陳鈺瑩睡意上頭,意識朦朧間突然感覺床前似乎有人,猛地睜開眼睛一看,差點兒被嚇得從床上跳起來。

千葉沒有離開,正像塊木頭似的杵在床頭。

「姐姐啊……」

她嚇得聲音都抖了,拍了拍胸口,正想嗔怪幾句,千葉皺著眉頭開口說:「我想問你一件事……」

門鈴響了一遍又一遍,客廳的窗帘封閉,一絲光線都未透過,液晶電視的大屏幕無聲地閃動著,冷掉的咖啡靜悄悄地擺放在餐桌上。

卧室的房門緊閉。

門鈴持續響了一分鐘後終於停止了。

客廳重新恢複了靜謐。

大約過了三分鐘,客廳的座機電話和門鈴同時響了起來,卧室的門終於打開了,穿著睡衣的Ivan眯著眼走了出來,順手拎起了電話:「喂……」

「開門——」話筒里傳來的吼聲幾乎與公寓樓下同步。

Ivan僅存的一點兒朦朧睡意頓時消失得無影無蹤,扔下電話打開了樓下大門,沒多久,只聽樓梯道上一陣急促的腳步聲逼近,Ivan站在門口驚訝地目睹自己的弟弟放棄乘坐電梯,憑藉雙腿跑上了八樓。

「Adrian,你的晨練真是頗有新意……」

一口氣爬上八樓的清晨喘著粗氣,不等Ivan把話說完直接撲上來一把揪住他的衣領:「你對千葉做了什麼?這一次你又打算玩什麼花樣?」

比起Ivan,清晨的身材雖然看上去比較瘦弱,但他的力氣卻一點兒不弱。突如其來的衝擊,Ivan險些被他勒得喘不工氣來:「松……手!」他用雙手抓住清晨的手腕,用力將他的手拉開。

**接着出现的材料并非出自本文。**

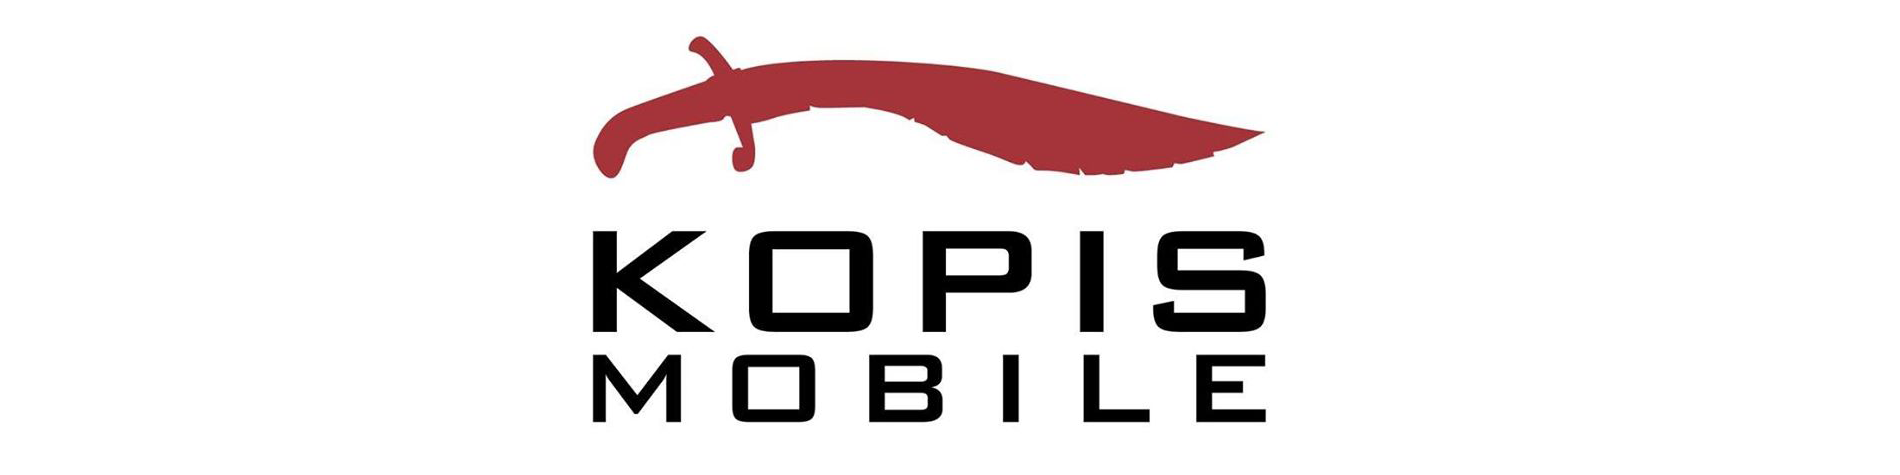 Kopis Mobile logo

清晨紅了眼圈:「你不能這麼做,你已經毀了我一次,你不能再毀我第二次。你明知道千葉對我來說有多重要,你不能這麼做……」

「夠了!Adrian!」Ivan的臉色非常難看,厲聲喝住弟弟的同時,將他一把從走廊里拽進房間,然後甩手砸上門。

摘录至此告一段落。